HERVÉ MORIN. - Nous sommes en Afghanistan depuis 2001. Nous avons perdu dix hommes dans une région que nous connaissons bien et qui est censée être plus calme que la Kapissa, où nous avons envoyé cet été des renforts. Pendant longtemps, nos hommes ont été exposés aux bombes artisanales, aux mines, à des tirs sporadiques, à des accrochages, mais jamais à une attaque de cette ampleur. Les forces françaises avaient jusque-là déploré peu de morts, en tout cas moins que les Américains et les Britanniques. L'opinion française découvre aujourd'hui que l'Afghanistan est sans doute le premier théâtre depuis plusieurs décennies dans lequel les armées françaises, qui affrontent des talibans de plus en plus organisés, sont engagées dans des opérations militaires brutales et violentes.

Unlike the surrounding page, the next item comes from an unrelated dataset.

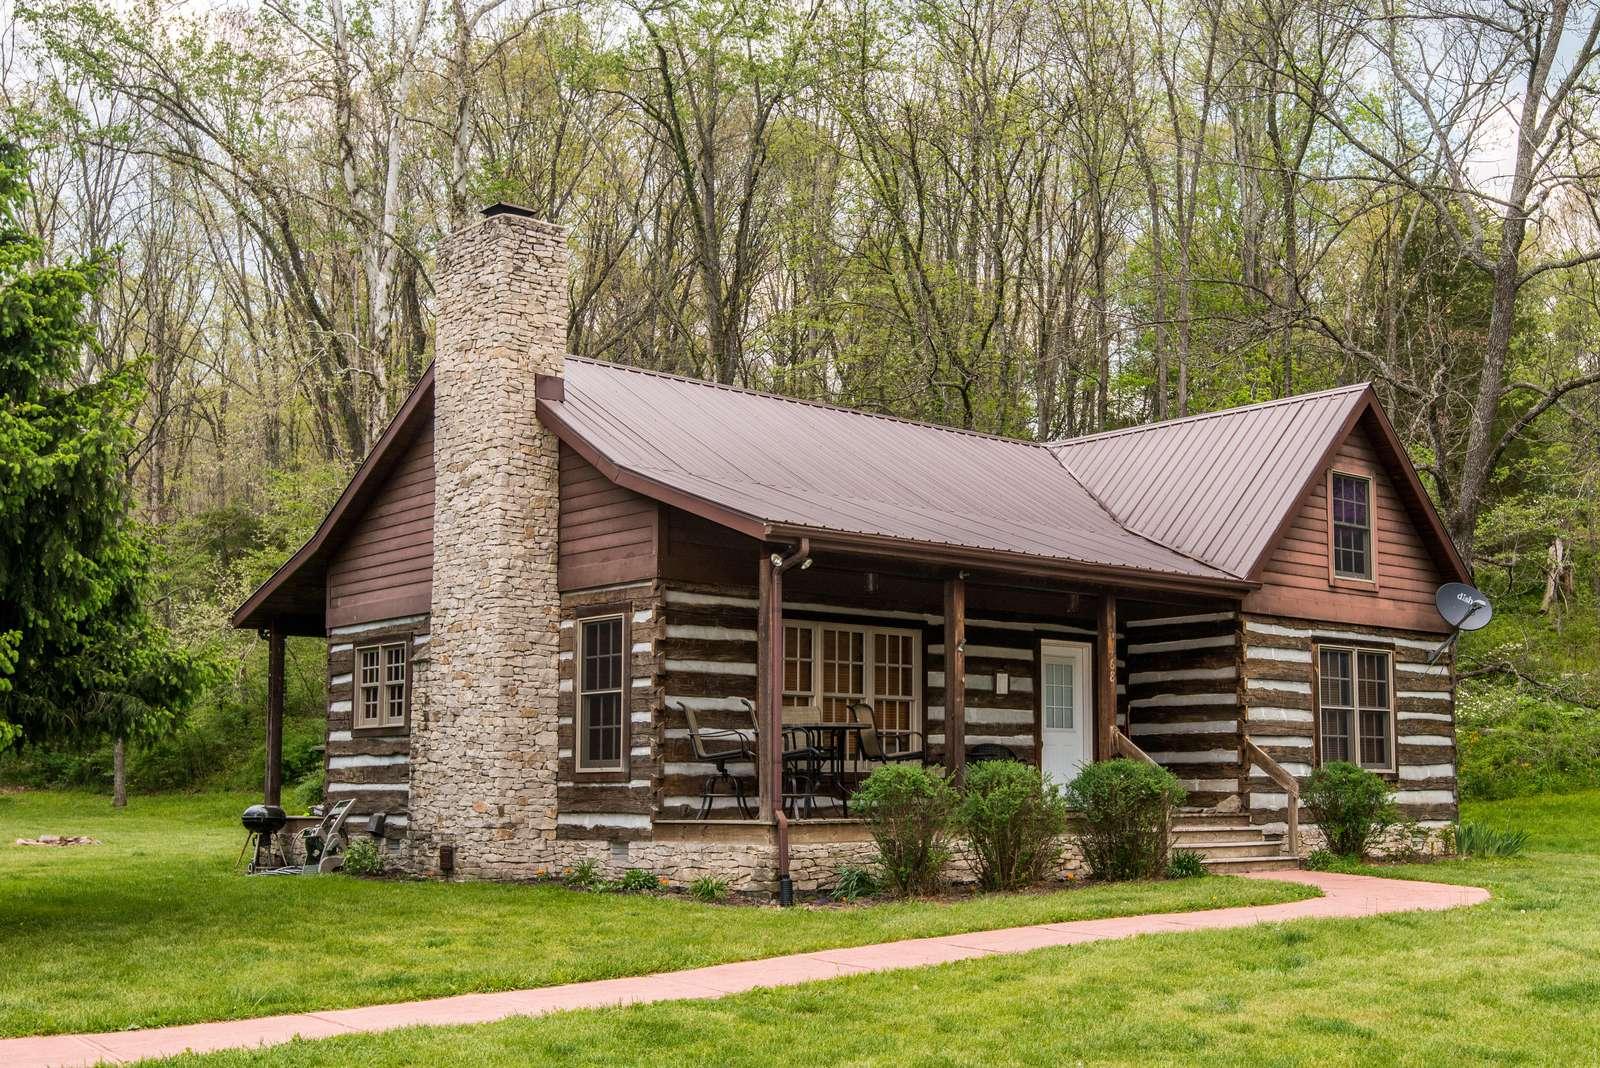 Serendipity Park Log Cabin - property

LE FIGARO. - Les Français ont-ils été particulièrement visés ?
HERVÉ MORIN. - Non. Les Américains l'ont été de la même manière le mois dernier. Les talibans ont frappé les Français, lundi, car ils patrouillaient dans une vallée qui est un verrou important au niveau stratégique. Cela étant dit, les talibans savent qu'ils ne peuvent pas gagner cette guerre, ils subissent des pertes et doivent reculer face aux alliés dans certaines vallées qu'ils contrôlaient. Ils utilisent donc des moyens dont ils savent qu'ils déstabilisent les démocraties européennes. Leur but est de faire douter les populations européennes de la justesse de l'engagement international en Afghanistan. Ils savent qu'en frappant de la sorte, ils peuvent affaiblir les convictions des populations et provoquer un retrait des forces de certains pays qui, lui-même, par un effet domino, mènerait à l'effondrement des efforts consentis depuis 2001 avec le soutien de l'ONU.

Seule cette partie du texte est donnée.